I was about to just give up, but I decided to try using Rufus to clarify exactly which Pencils and accessories worked with which devices. It was very helpful and would provide me with exact Amazon links for the recommended item. Once or twice there was some confusion where the AI contradicted itself, and I was a little worried it might be lying to me. But I found that if you ask the same question in two different ways you’ll get a more accurate answer. (It really is no different from talking with a salesperson at Circuit City back in the day, where the sales guy will tell you anything to make a sale, and you have to call him on it. “Why do you say this VCR has four heads when the box says it only has two?”)

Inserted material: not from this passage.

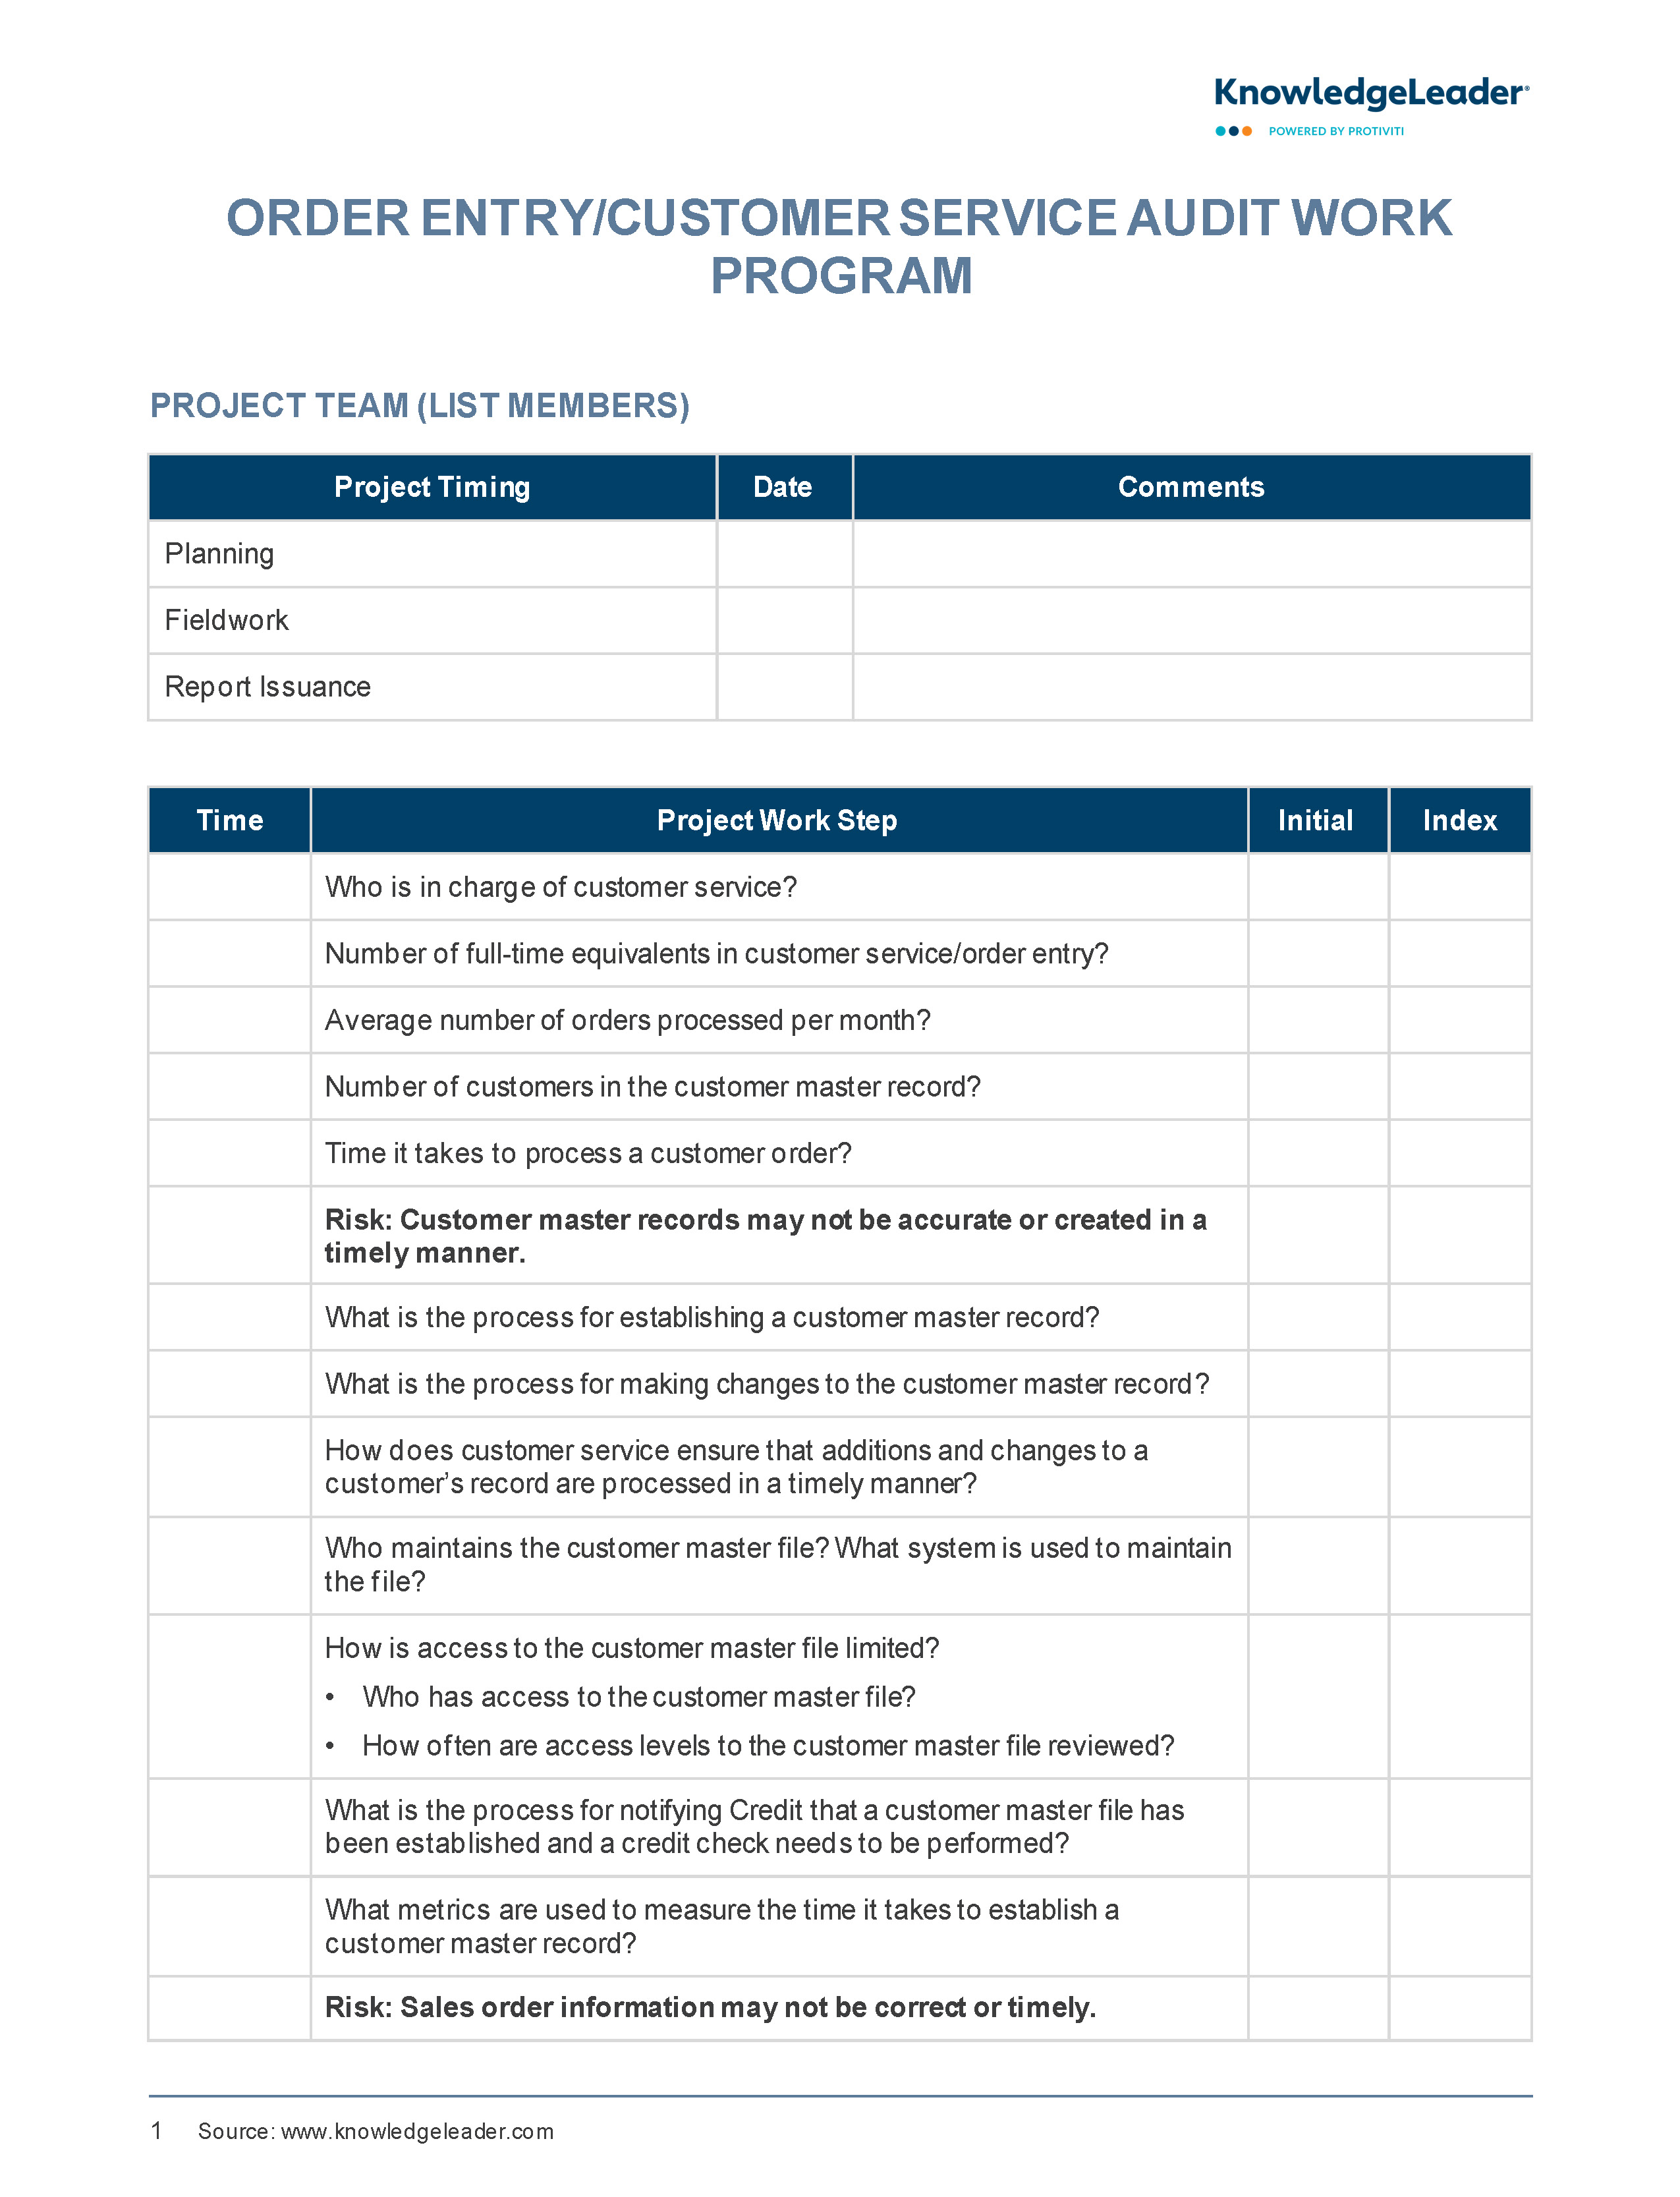 Screenshot of the first page of Order Entry Customer Service Audit Work Program
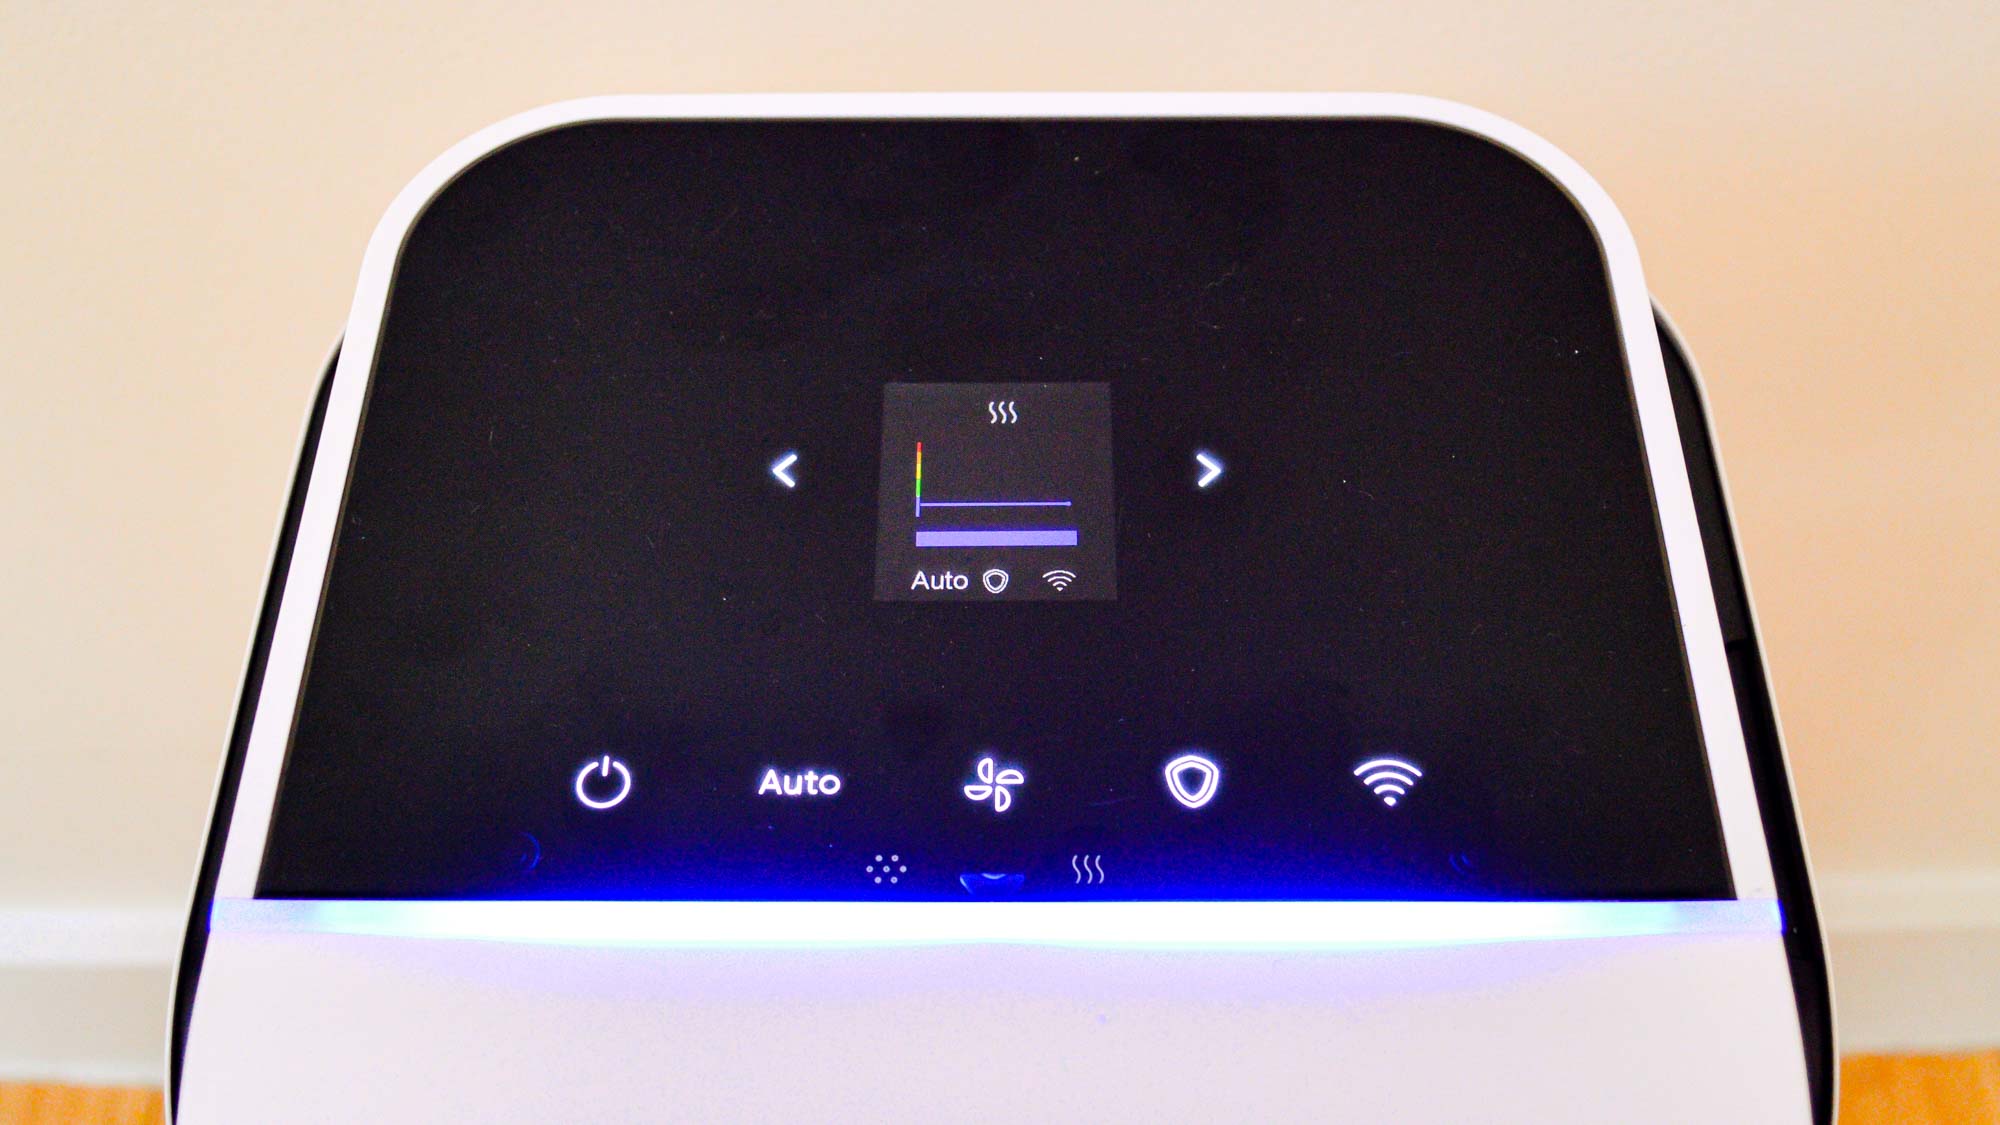 Control panel of the Blueair Health Protect 7470i air purifier

Anyway, I ended up making the plunge, buying a Magic Keyboard clone from a third party manufacturer for $99 instead of Apple’s $350 one. I got a new Pencil on sale, too. I ended up springing for the 13" iPad M5 as my current one was the 11" where I wasn’t entirely happy with the size. Everything came and worked just as advertised, and really love the screen real estate of the 13". I moved the 2021 11" down to serve as my night iPad, where it works just fine and still gives me access to Apple Intelligence and other newer features. The old 13" iPad I sent to Apple as a trade-in (they say I’ll get about $100 back).
BTW, the third party keyboard case works great – the same “floating” magnetic design and the only difference between it and Apple’s is that it connects via bluetooth instead of the special connector on the back, so this keyboard has to be charged separately (via USB-C). But it lasts for weeks on a charge and connects in less than 2 seconds, so that’s not a big deal.
I’m delighted with everything and rather impressed with the Rufus AI (your mileage may vary).
If you have a few spare minutes and are interested, I’d be curious what you’d see if you asked ChatGPT, Perplexity, Claude, and Gemini the same basic questions. The issue is whether Rufus has some special Amazon knowledge that was helpful, or if any of them could have done it with access to the Web.
I haven’t had a chance to do that yet, but will sometime.
One fascinating thing I just noticed a few days ago is Rufus – Amazon’s chatbot – actually gave me purchase links for sites that were not Amazon!
I was looking for a quirky tee-shirt as a Christmas gift for a relative and it couldn’t find one like I wanted on Amazon and suggested some non-amazon sites.
Not really what I wanted, as I prefer the safety of Amazon for buying, but I was shocked Rufus did that. I had assumed it would be trained solely on Amazon products. I’m not sure why it does that: perhaps Amazon was worried they’d get anti-trust scrutiny if they only supported their own site? Or maybe Rufus is based on a general-purpose LLM and they couldn’t stop it from searching for things off-Amazon? Seems odd either way.
Here’s one I did with Google Gemini.
The task was to find what vintage Japanese drawing software was shown in the image.
To find it I uploaded the image to Google Gemini, asked the question, then had a short conversation with it during which I guided its assumptions, and pointed out the options for text outline and shadow. It then suspected it was Magic Palette, which I confirmed manually by doing a Google image search.
Chat transcript
https://g.co/gemini/share/a329328c3ba3
I then found the exact scan that had been cropped down to the image, in an old Japanese computer magazine on Internet Archive.